Task to carry out
Please restate every line below exactly, without any pictures.

Stored data
═══
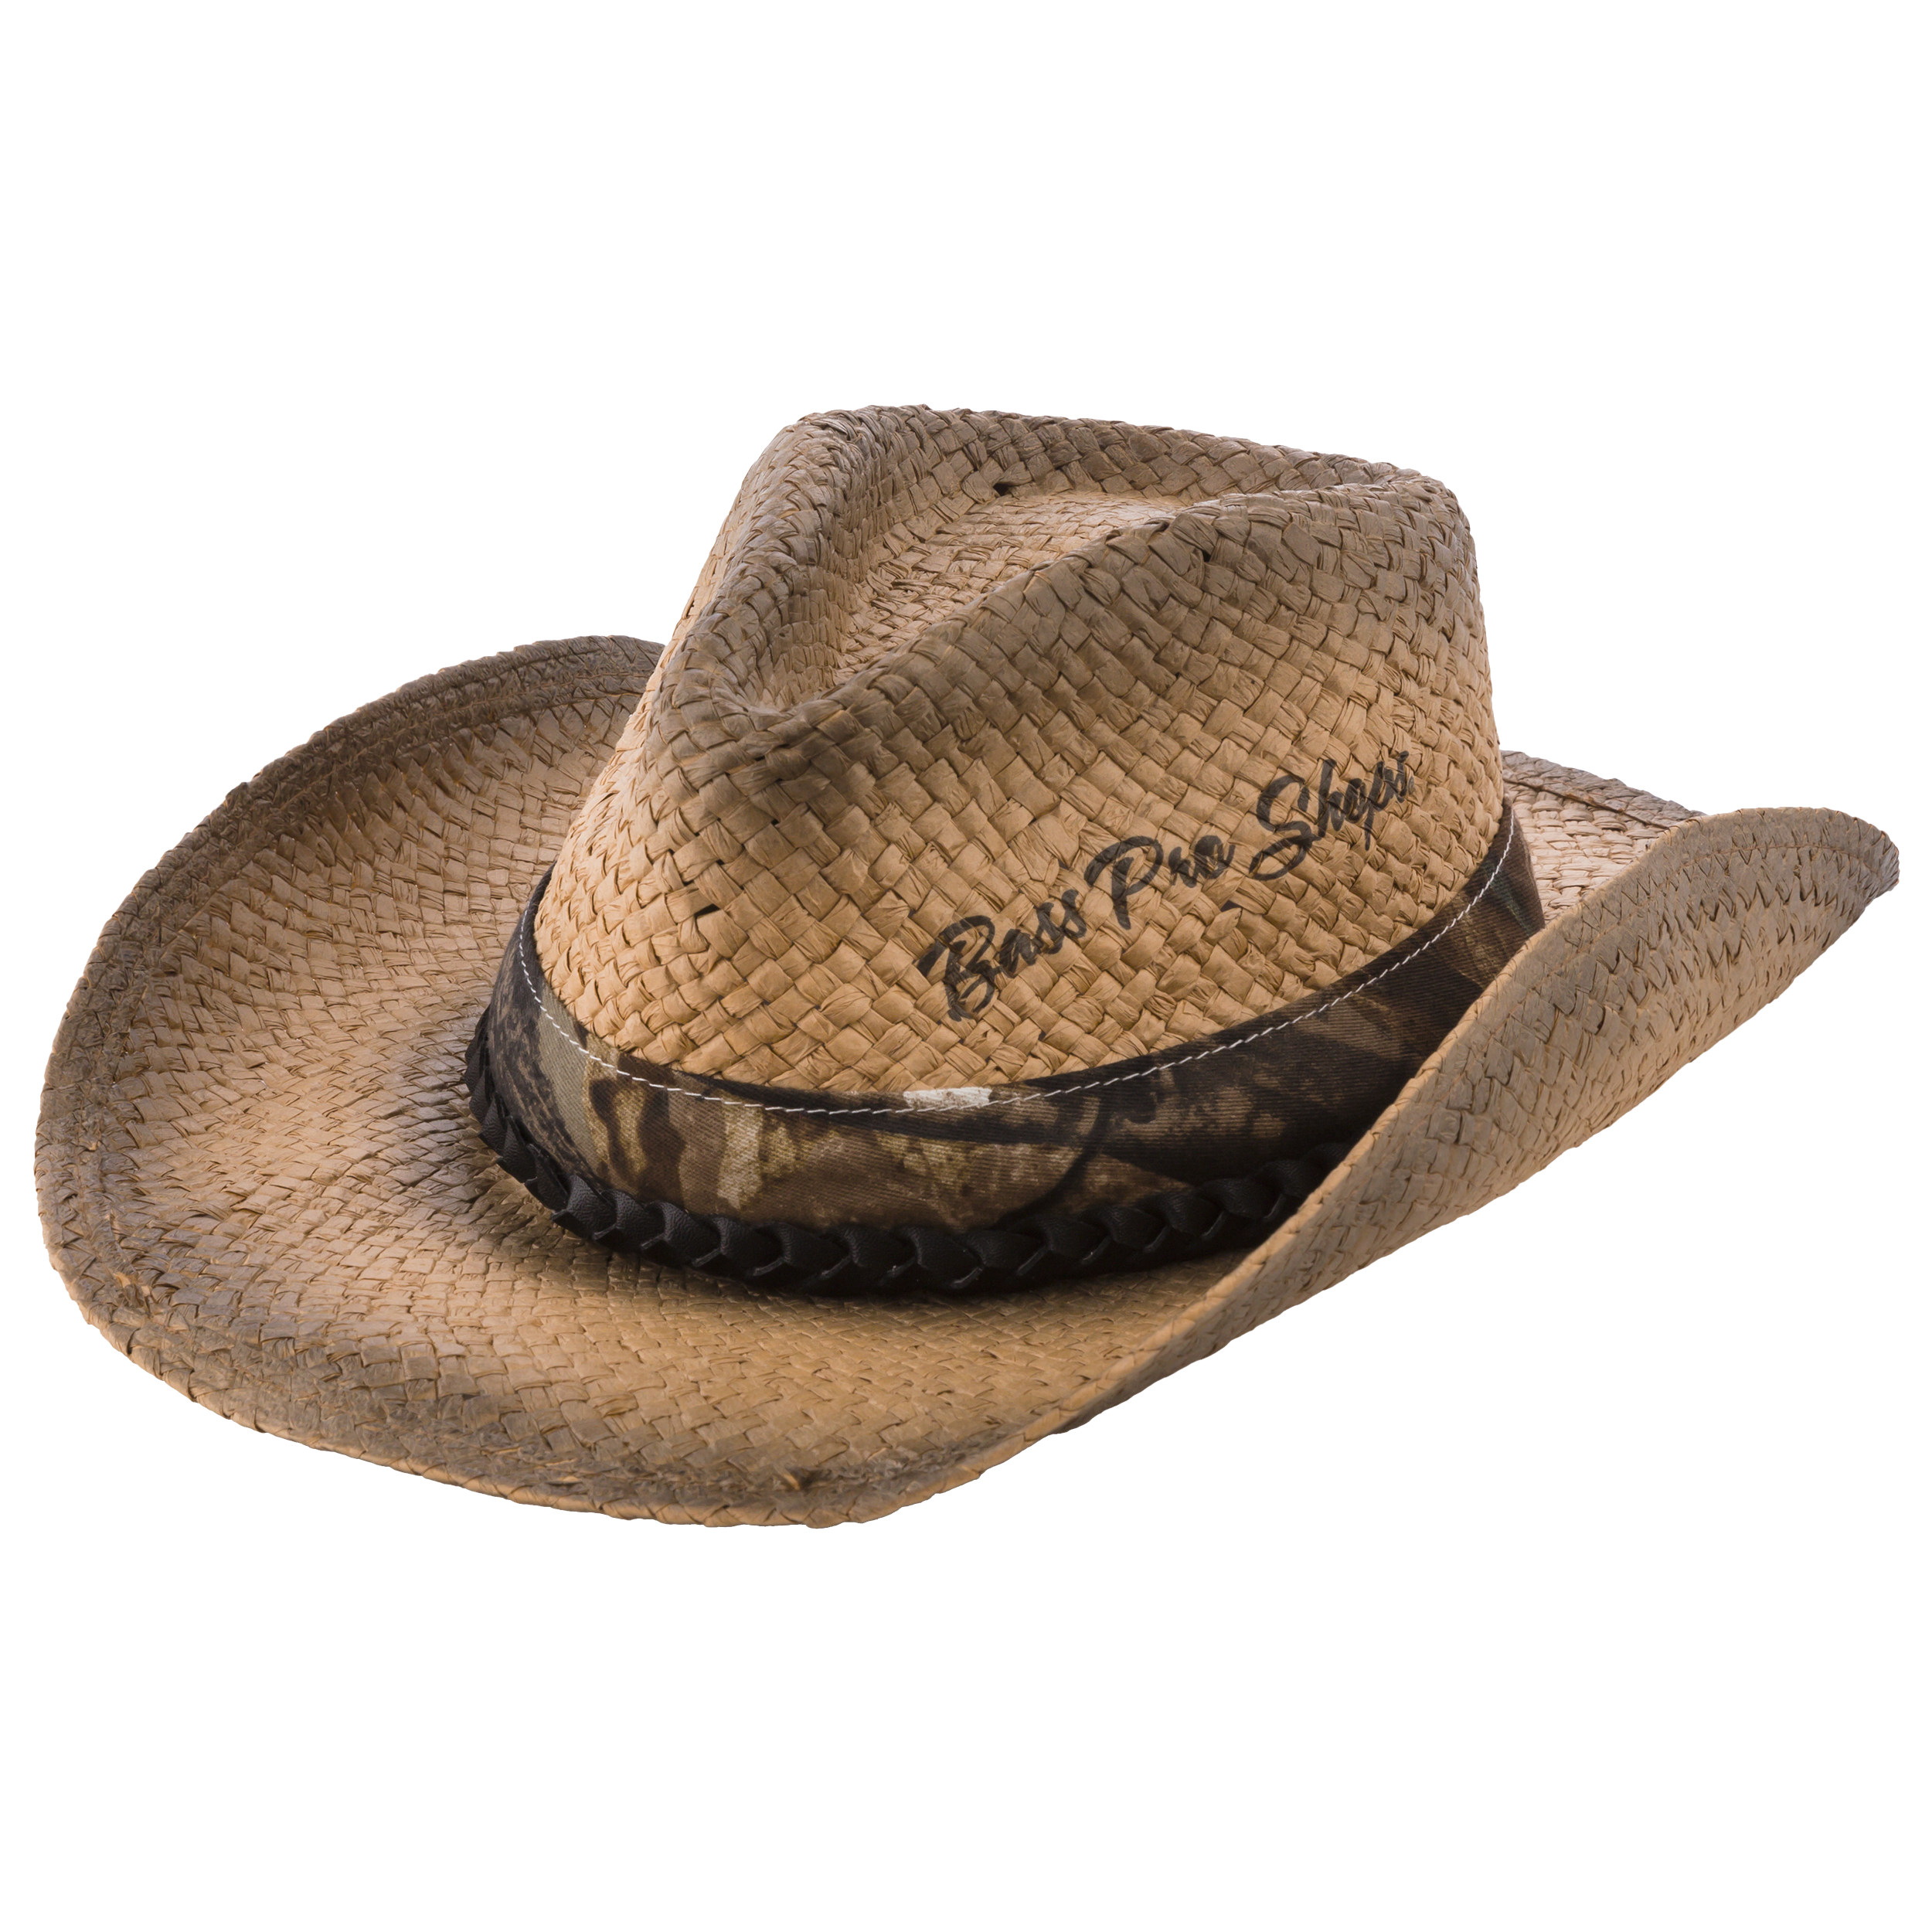 Bass Pro Shops Straw Hat with Camo Braid Band for Men
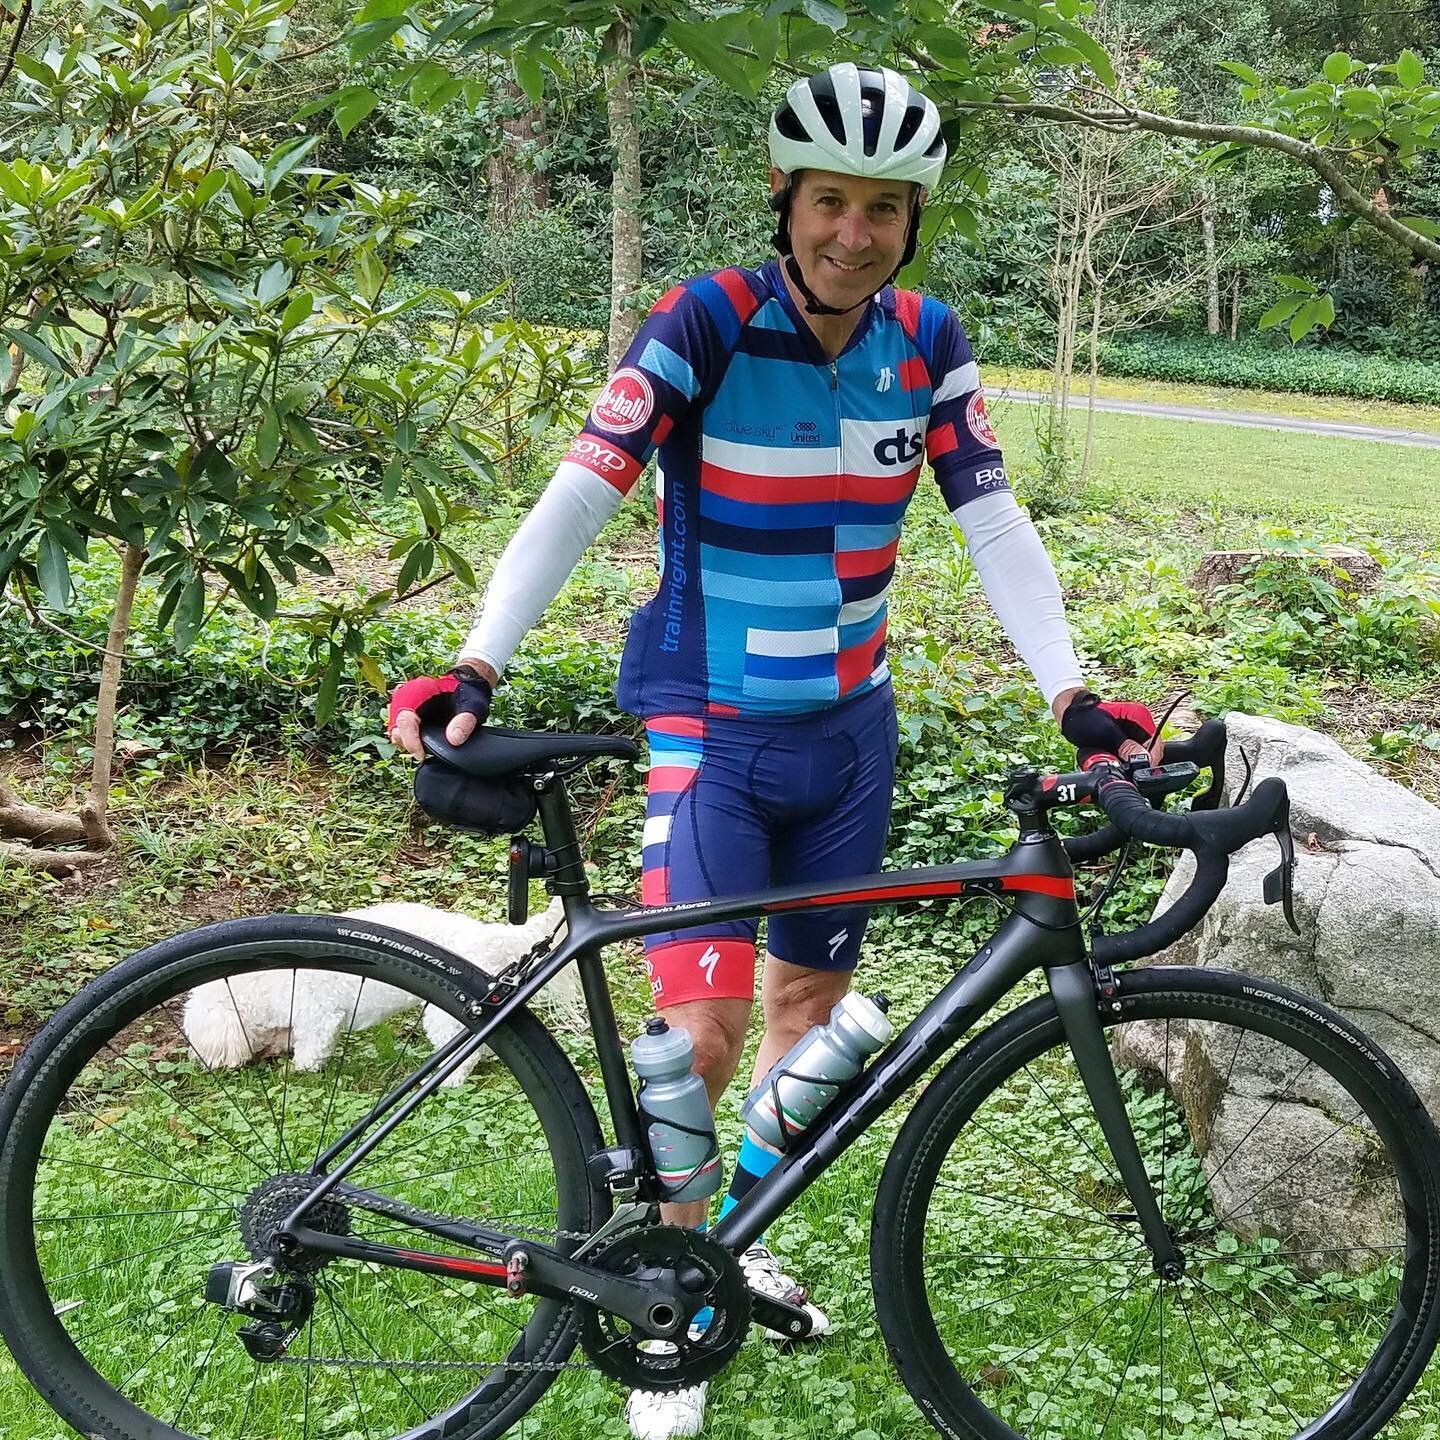 Today&rsquo;s &ldquo;Meet the CTS Team&rdquo; highlight is on Kevin Moran! Kevin lives in Brevard, NC: 

 &ldquo;I retired here about 20 years ago and ride the roads, gravel and trails in Transylvania and surrounding counties. Gravel is my favorite t
═══
Answer for the task
 Bass Pro Shops Straw Hat with Camo Braid Band for Men
 Today&rsquo;s &ldquo;Meet the CTS Team&rdquo; highlight is on Kevin Moran! Kevin lives in Brevard, NC: 

 &ldquo;I retired here about 20 years ago and ride the roads, gravel and trails in Transylvania and surrounding counties. Gravel is my favorite t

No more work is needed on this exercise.